Altemeyer spent the 1970s and 1980s developing measurement tools that addressed these criticisms. His RWA scale balanced positively and negatively worded items, demonstrated strong reliability and validity across dozens of studies, and focused on observable attitudes rather than inferred unconscious dynamics. This empirical rigour established authoritarianism research as a legitimate scientific field rather than a politically motivated critique of conservatism.
The publication of "The Authoritarians" in 2006 came at an interesting historical moment—after the authoritarian responses to 9/11 but before the populist surge of the 2010s. Altemeyer made the book freely available online, believing that understanding authoritarianism was too important to be locked behind paywalls. When authoritarian movements gained power globally in the late 2010s, the book experienced a second life, downloaded millions of times by people seeking to understand what was happening to their countries. Its analysis of loyalty spirals, compartmentalised thinking, and the deadly cocktail of dominating leaders and submissive followers proved unexpectedly prescient.
Further Reading
Adorno, T.W., Frenkel-Brunswik, E., Levinson, D.J., & Sanford, R.N. (1950). The Authoritarian Personality. Harper & Brothers. The foundational work that Altemeyer built upon and improved.

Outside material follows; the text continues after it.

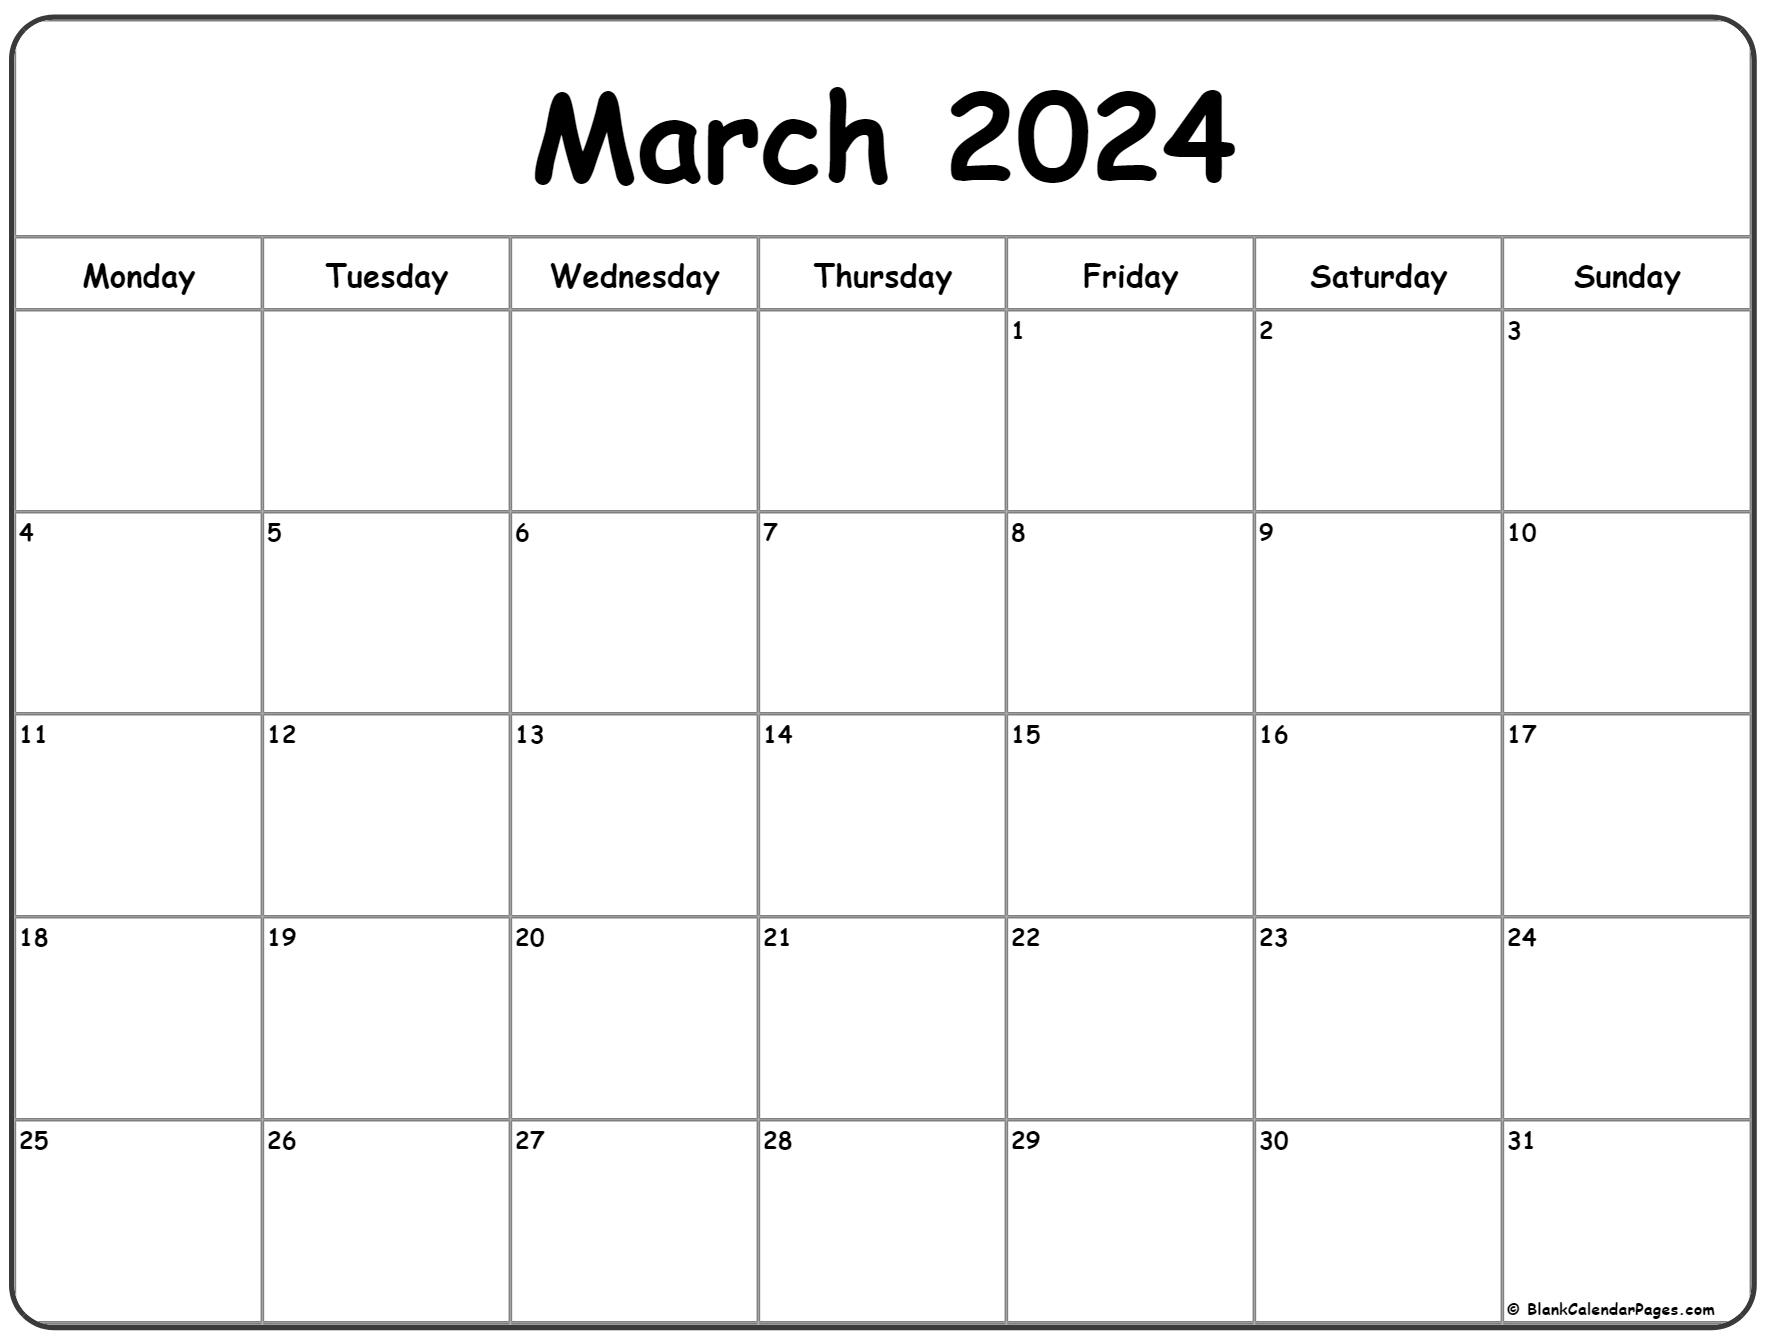 March 2024 Monday Calendar | Monday To Sunday for March 2024 Calendar Printable

Duckitt, J., & Sibley, C.G. (2017). The dual process motivational model of ideology and prejudice. In C.G. Sibley & F.K. Barlow (Eds.), The Cambridge Handbook of the Psychology of Prejudice. The contemporary integration of RWA and SDO research.
Stanley, J. (2018). How Fascism Works: The Politics of Us and Them. Random House. Contemporary application of authoritarian psychology to modern political movements.
Stenner, K. (2005). The Authoritarian Dynamic. Cambridge University Press. An alternative theoretical framework emphasising threat activation of authoritarian predispositions.
Haidt, J. (2012). The Righteous Mind: Why Good People Are Divided by Politics and Religion. Vintage Books. Broader moral psychology context for understanding political division.